Military professionalism in Australia can rightly be traced to the colonial commandants, those British officers employed in the decades immediately before Federation by their respective colonies to improve all aspects of defence therein. Most, if not all, took to this task with zeal and competence. When the last of the British regiments left in 1870, a vacuum was created that was never filled by the hodge-podge of militia and volunteer units. It also removed the only source of professional independent military advice available to colonial governments.21 Much has been written about the imperial agenda that the commandants brought with them. At the time there were constant laments that suitable Australian officers should command the colonial forces; however, Australian officers with the requisite training, operational experience and organisational capacity did not exist. As Stephen Clarke notes, ‘it was a matter of professionalism...it was not a prejudice against colonial officers per se as a quest for professional officers’.22
Military professionalism in Australia can rightly be traced to the colonial commandants, those British officers employed in the decades immediately before Federation ...
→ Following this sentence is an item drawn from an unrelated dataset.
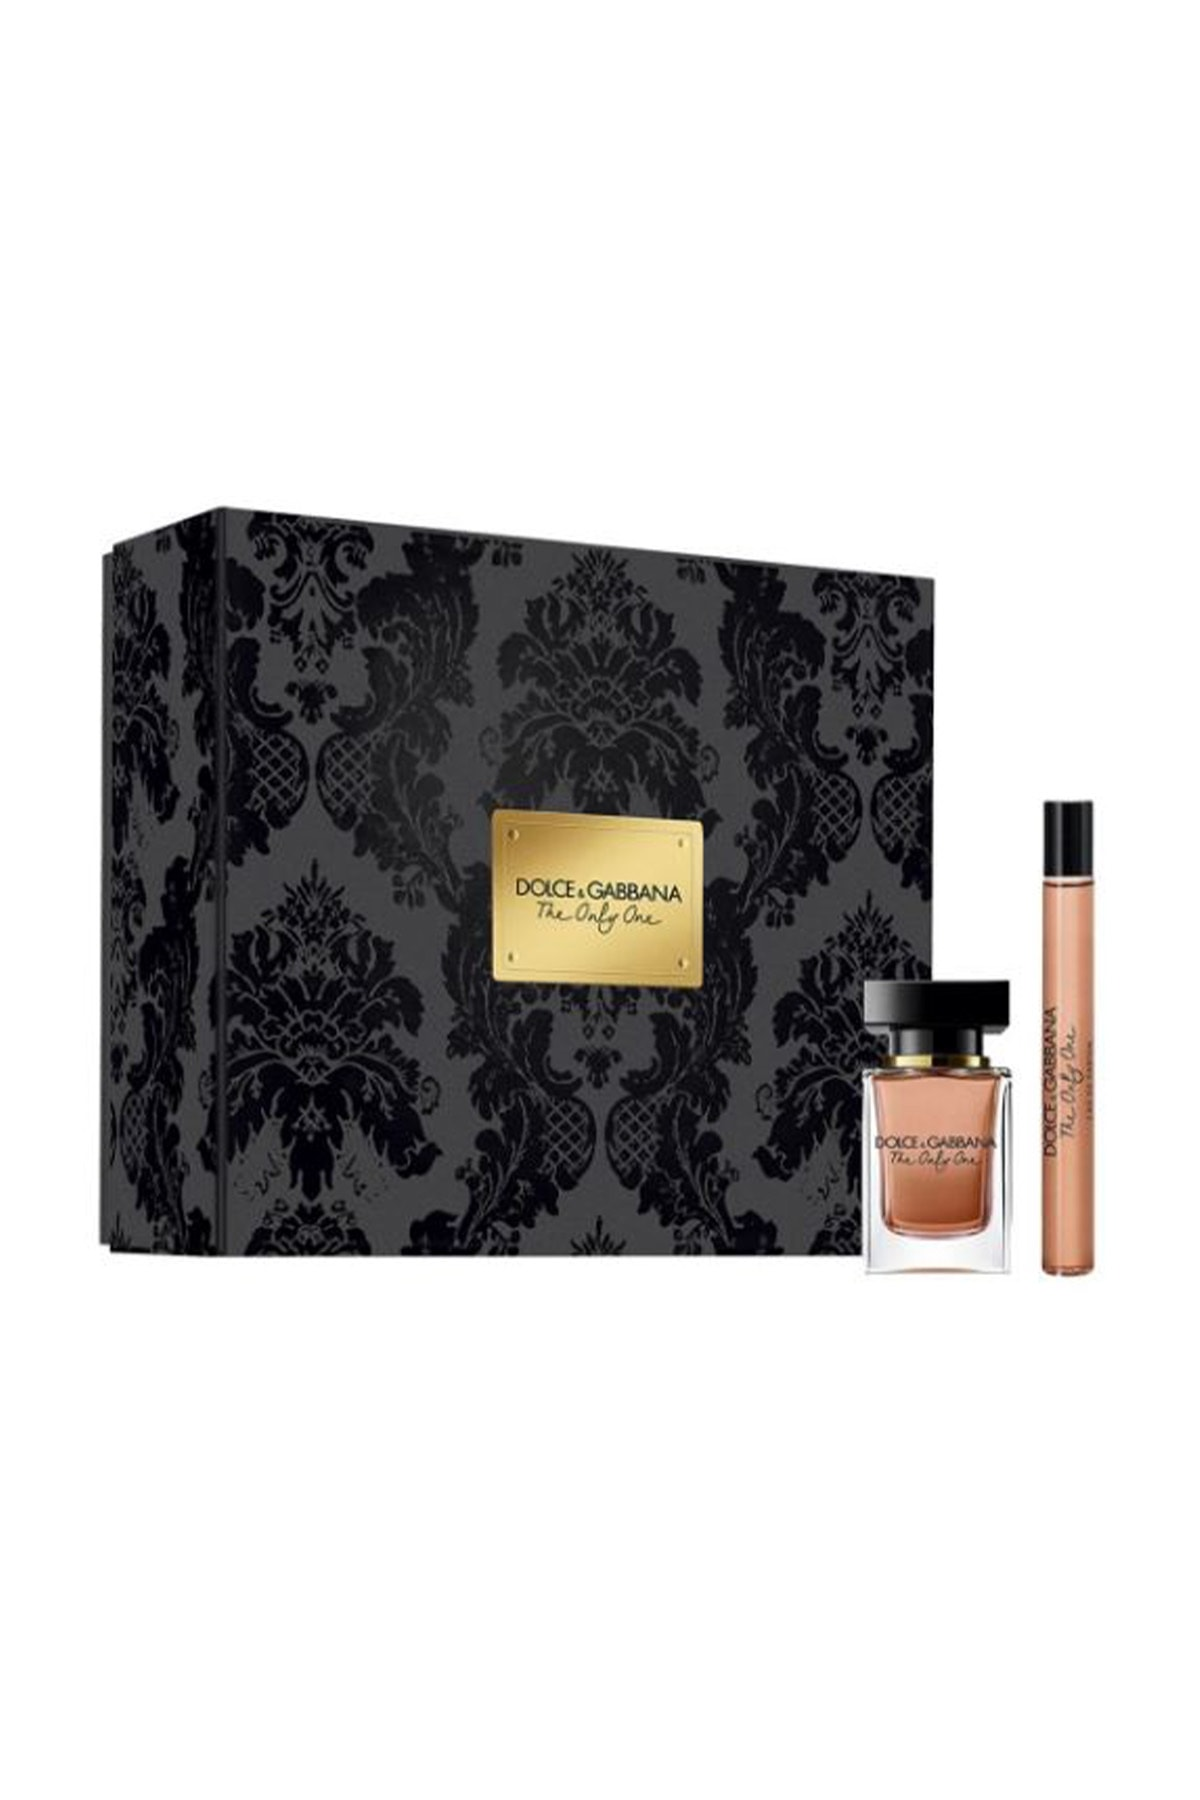 Dolce Gabbana The Only One Edp 30 ml + Edp 10 ml 3423220000792 0
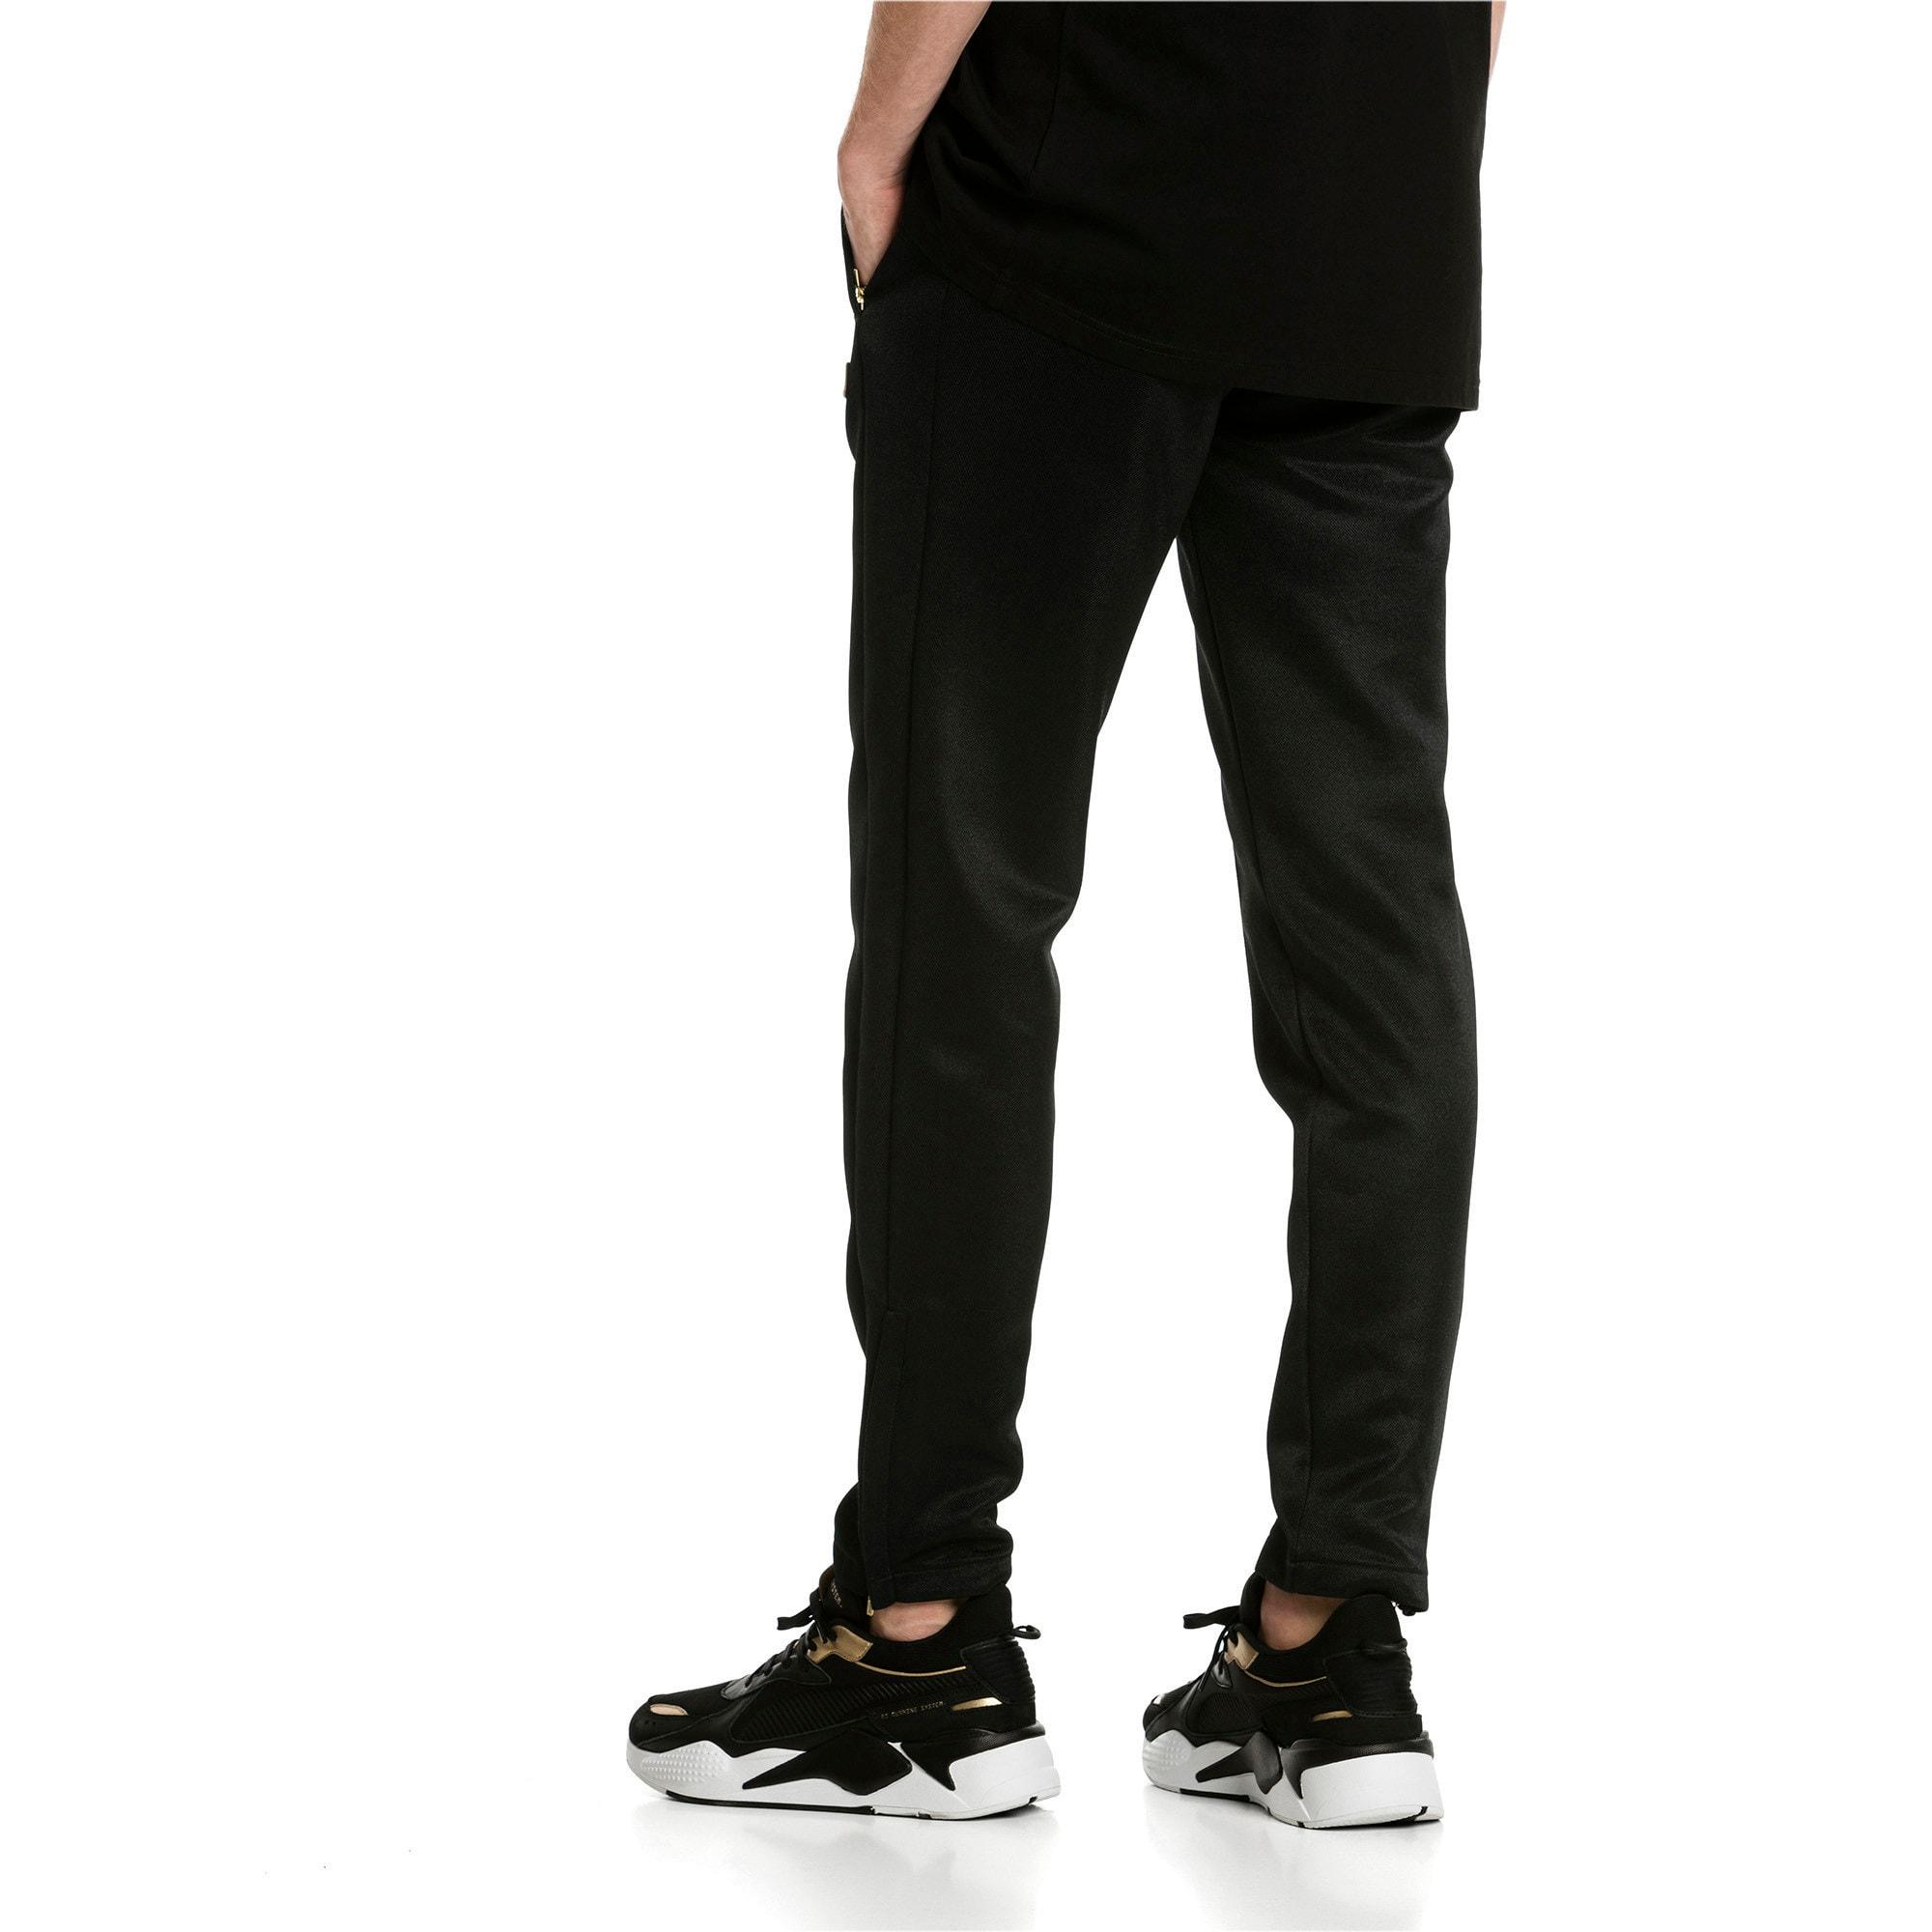 Thumbnail 2 of T7 Spezial Trophy Track Pants, Puma Black, medium-IND

To be sure, there were imperial agenda at work; some of the commandants looked ahead to a time when their colonial forces might be integrated to a wider imperial army. In many ways, the despatching of colonial contingents for service in South Africa realised this aspiration and was testimony to their success in raising forces to a minimum standard. Whatever controversy they generated in relation to their imperial scheming or otherwise, the colonial commandants—and later the first and only General Officer Commanding, Major General Sir Edward Hutton—transferred the practices of the modern British Army to Australia, mentored a number of up-and-coming Australian-born officers, established schools of instructions and laid the foundations so that one day Australian officers with the requisite knowledge and experience would command at the highest levels.23
Hutton, as General Officer Commanding, was directly (and solely) responsible to the Minister for Defence for all matters military. During his tenure from early 1902 through to late November 1904, he worked in a time of extreme ambiguity with no Defence Act or cogent defence policy in place, financial parsimony, and from some politicians and media, a fairly aggressive nationalistic public debate. He was an early advocate of an Australian military college, but he also believed that the citizen soldier should be the foundation of the new nation’s defence.24 His lasting contribution was unifying the colonial forces into one Commonwealth military and then ambitiously organising it into mobile field forces and static garrison units. Despite his well documented faults, Hutton’s profound contribution to the development of the Australian military and military professionalism cannot be denied.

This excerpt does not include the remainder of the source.